You feel stressed by the 2 idiots that kept shooting their weapons at everything that moved, your emotions are going nuts by the guild members who say you are not pulling your weight, your eyes are still darting around trying to find that damn mob you need to finish the quest. Seriously, if you are not stressed then you got something wrong.

Body [clock]

I have found over the last several years of gaming that the rule of one day of rest recommended by doctors, Jews, Christians, and Muslims [that is an extremely large slice of the population] does not just apply to work, it also applies to gaming.

For a long while I was finding myself gaming every day, especially on my 'days off' and then wondering why I was so worn out at work. It was nto until last year that I went on a gaming sabbatical for three months that I realised how worn out games were making me.
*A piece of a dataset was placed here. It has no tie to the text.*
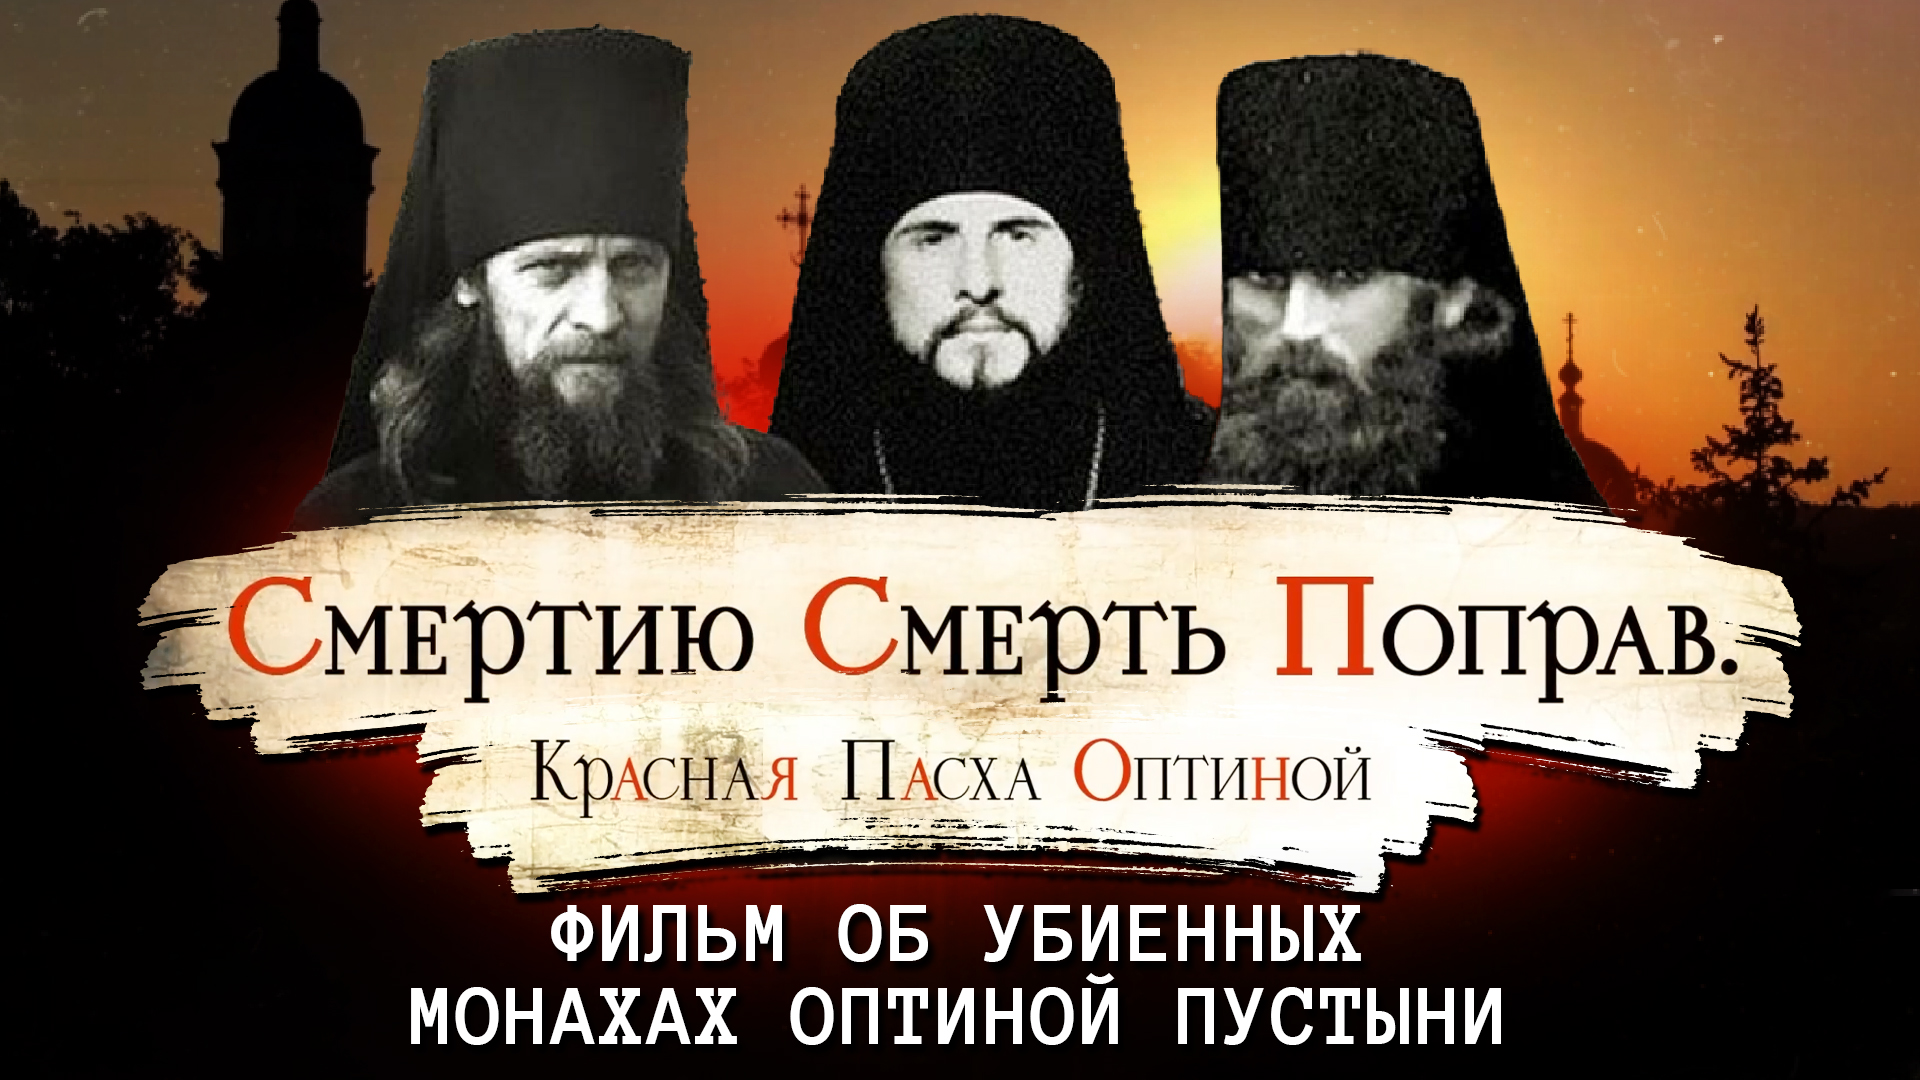 Убиенные монахи оптиной пустыни. Оптина пустынь три убиенных монаха. Красная Пасха Оптиной пустыни 1993.

My work stopped becoming a droning wasteland and I began to sleep better and wake up more easily. I then began MMOs again.

After testing several MMOs I arrived at several conditions that make an MMO more relaxing.

1. Guilds are stressful. Such emotional drains can be extremely exhausting. While some guilds are great, even the best ones can lead you to complain to your wife constantly how 'Xerxes' [no one I know] is secretly trying to depose you from council and 'Juan' is totally ruining the fabric of the guild. I have found that a friend list is much less stressful than a guild, unless you got a guild in name only, or a family (real life) guild.

2. Instances make me angry. Really that should read 'people make me angry' because it is not the instances that cause anger, it is those that stuff it up. Most game instances are just a melting pot waiting to explode and recognising this and quitting early is a good quality to have. Saying this, Tabula Rasa instances I found never had this problem due to the open nature.

3. PuGs rock! the great thing about a PuG is you don't have to worry about pissing someone off, not only that but if you are not worrying then people like you more. While many people claim they get angry with PuGs I find that at least it is less stressful than people you know. When they are bastards you just ignore them and there is no consequences for your social life.

4. Family gaming is best. When you have a wife that is a gamer like me you quickly learn that gaming stops being a chore when you make it into family time. nothing is more relaxing than having your wife tear apart a giant spider while you heal her. It is so beautiful tears are coming to my eyes, I can't wait to have kids and watch them feast on dragons.

5. One day of rest. As mentioned above, I usually have one day a week of rest from gaming. Sometimes this day falls on a normal work day, and sometimes it falls on a weekend, either way it gives me time to relax, sit back and read a book, write, or just watch a soppy movie about a bunch of Americans who just saved each other  while everyone else died.

Conclusion

Since I have started watching my gaming and taking a bit of time out I can attest to improving my work, waking up more easily, and finding more time to do more useful things. I, and those around me, would still say I am a serious gamer, but I am more casual about it, perhaps this is the definition of a casual gamer? The ability to say "I need a rest, no gaming today!"